> **Exercise objective**
Wherever a picture appears in the listing below, leave it out and reproduce the rest exactly.

*** Supplied data ***

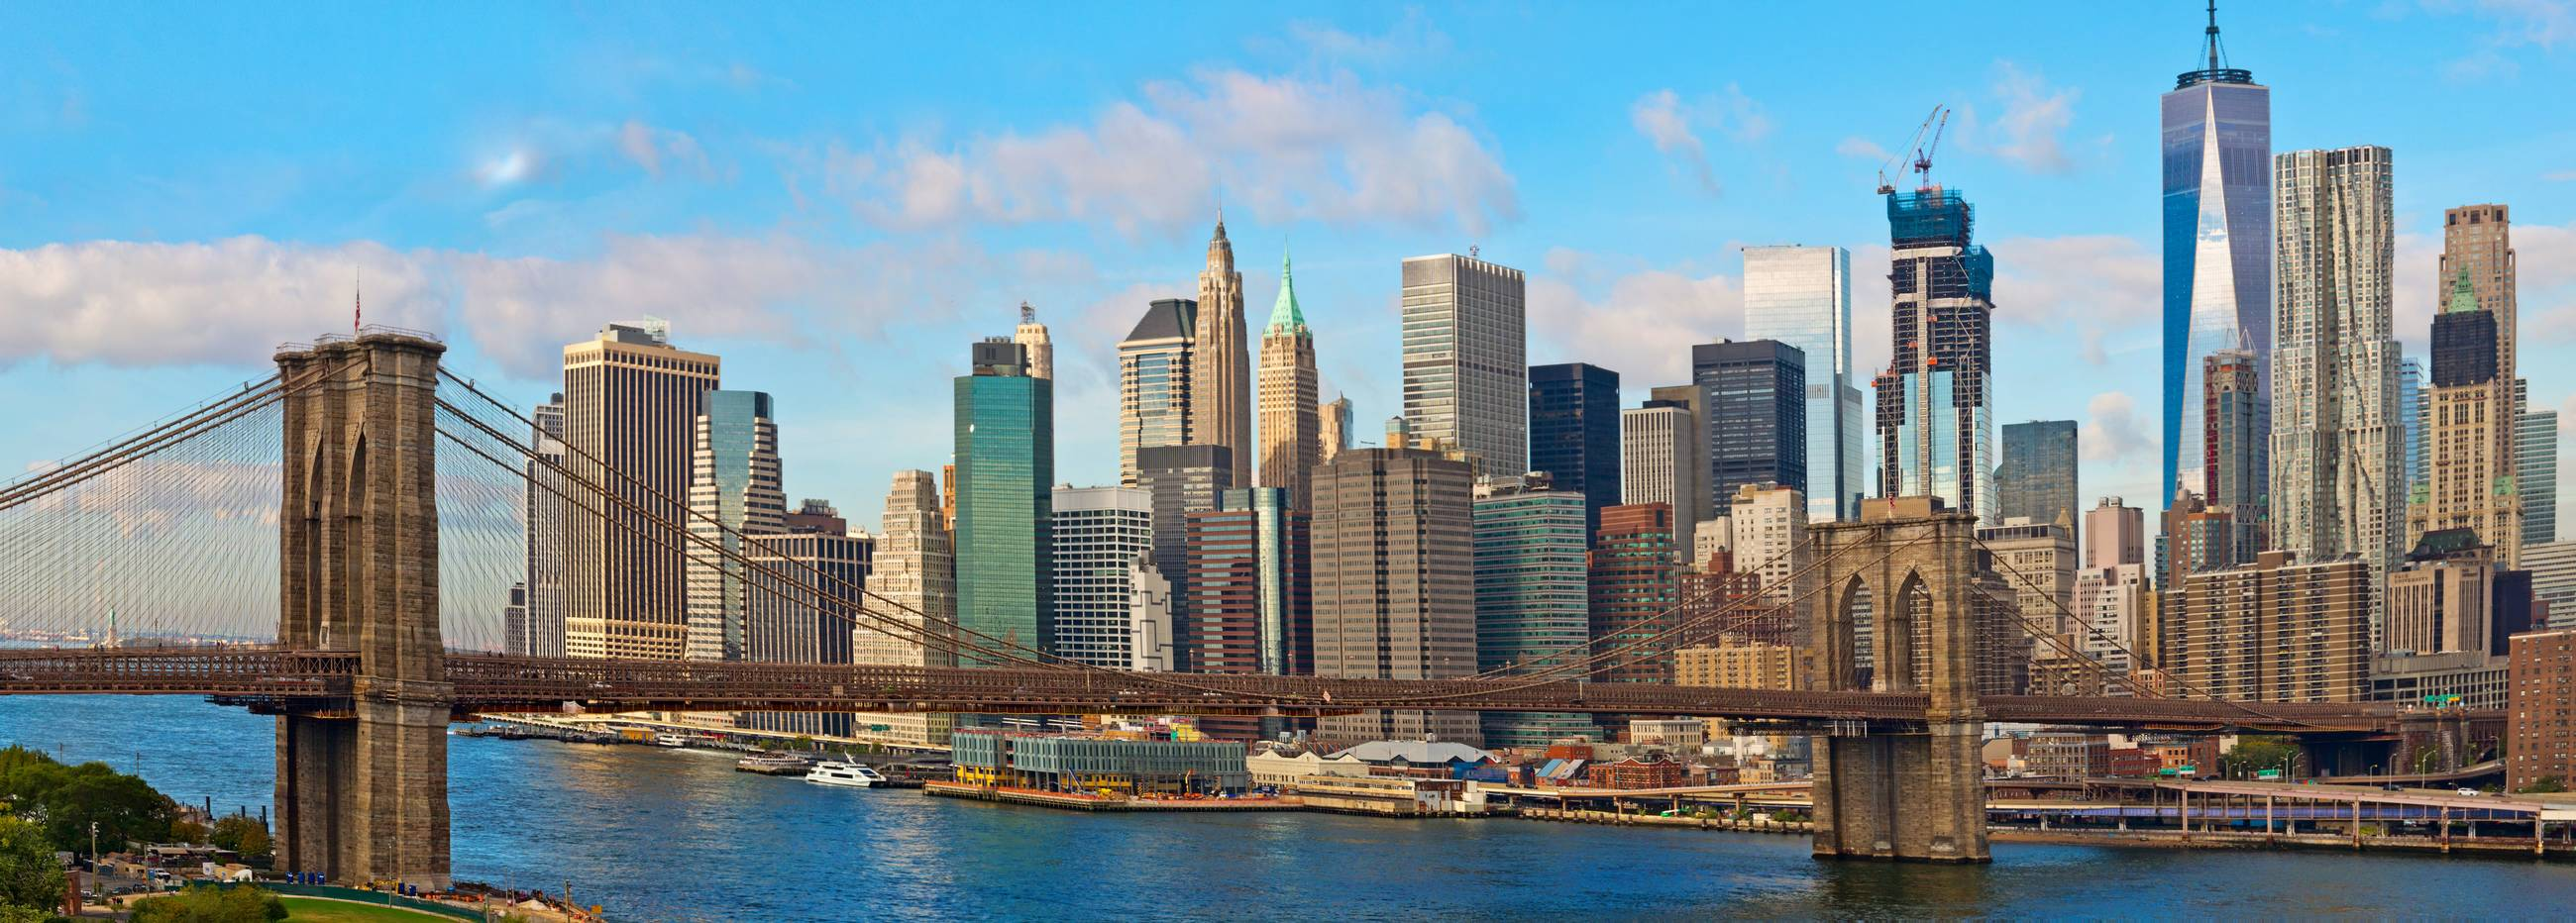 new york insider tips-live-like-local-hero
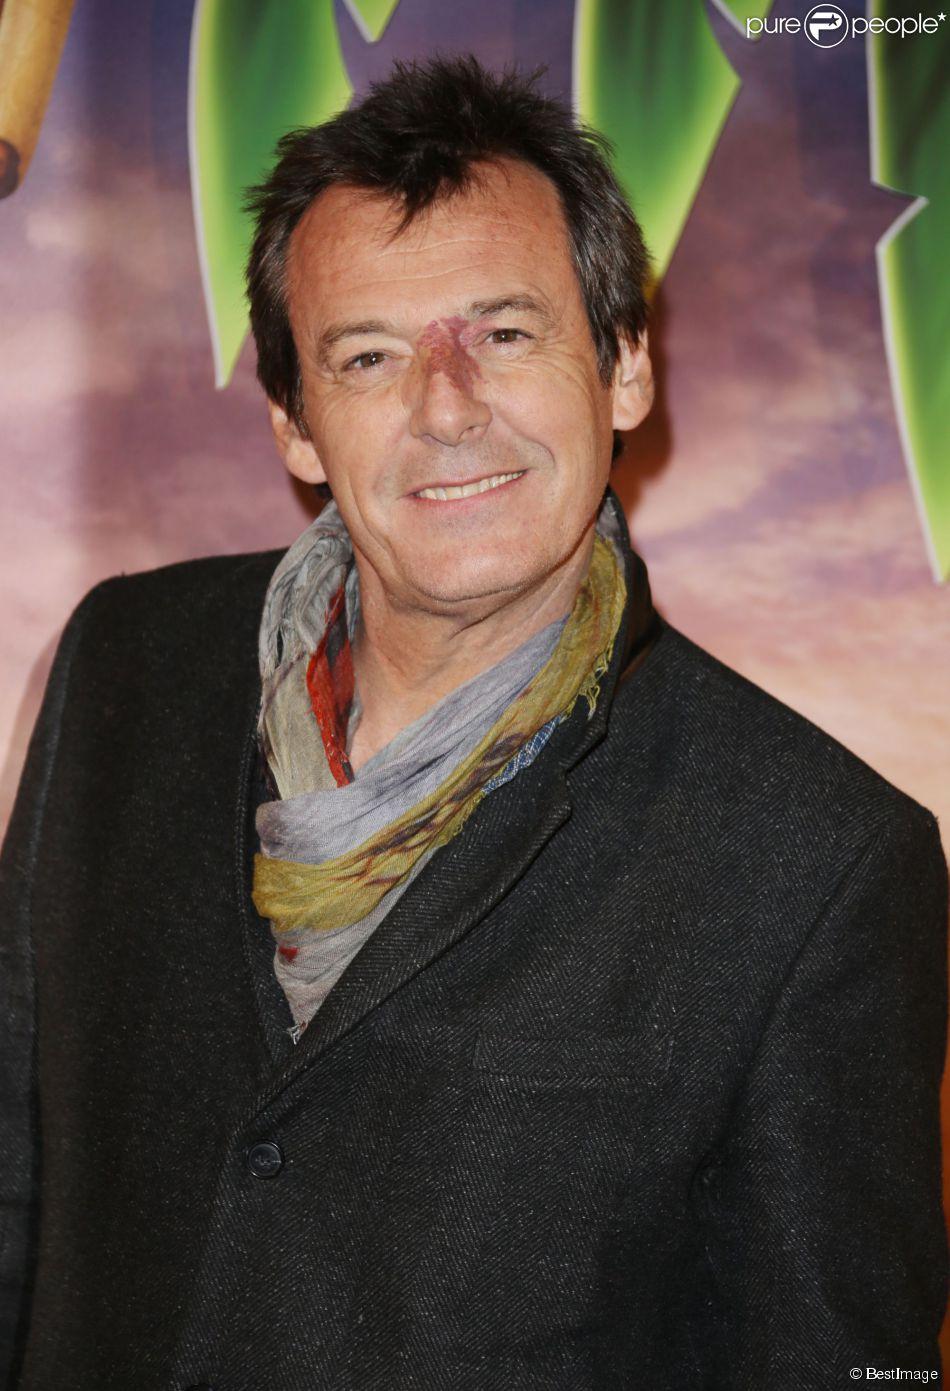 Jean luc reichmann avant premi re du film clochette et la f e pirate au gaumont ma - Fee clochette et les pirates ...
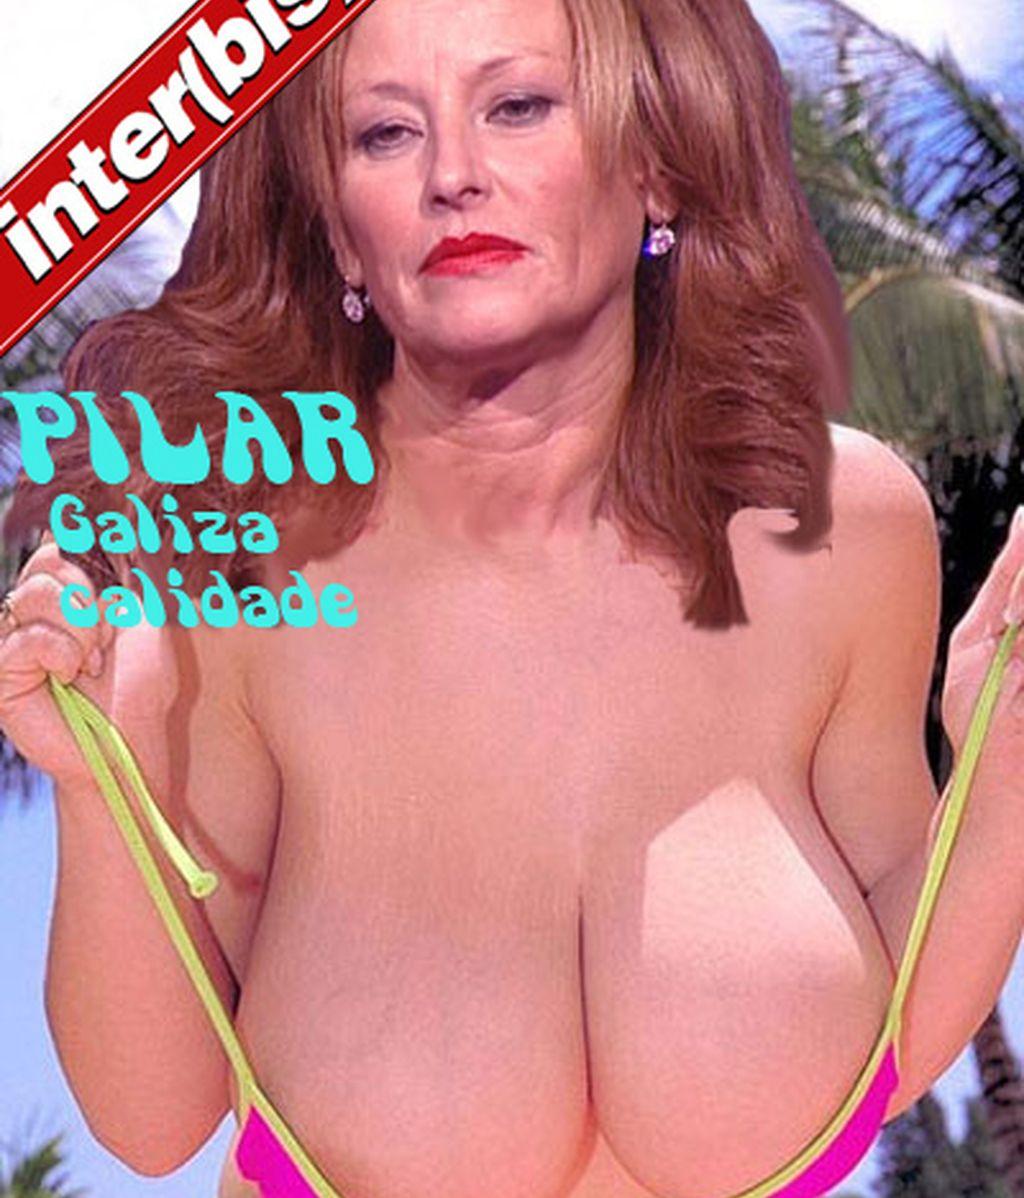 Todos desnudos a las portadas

***

> **Problem solution**
 new york insider tips-live-like-local-hero
 Jean luc reichmann avant premi re du film clochette et la f e pirate au gaumont ma - Fee clochette et les pirates ...
 Todos desnudos a las portadas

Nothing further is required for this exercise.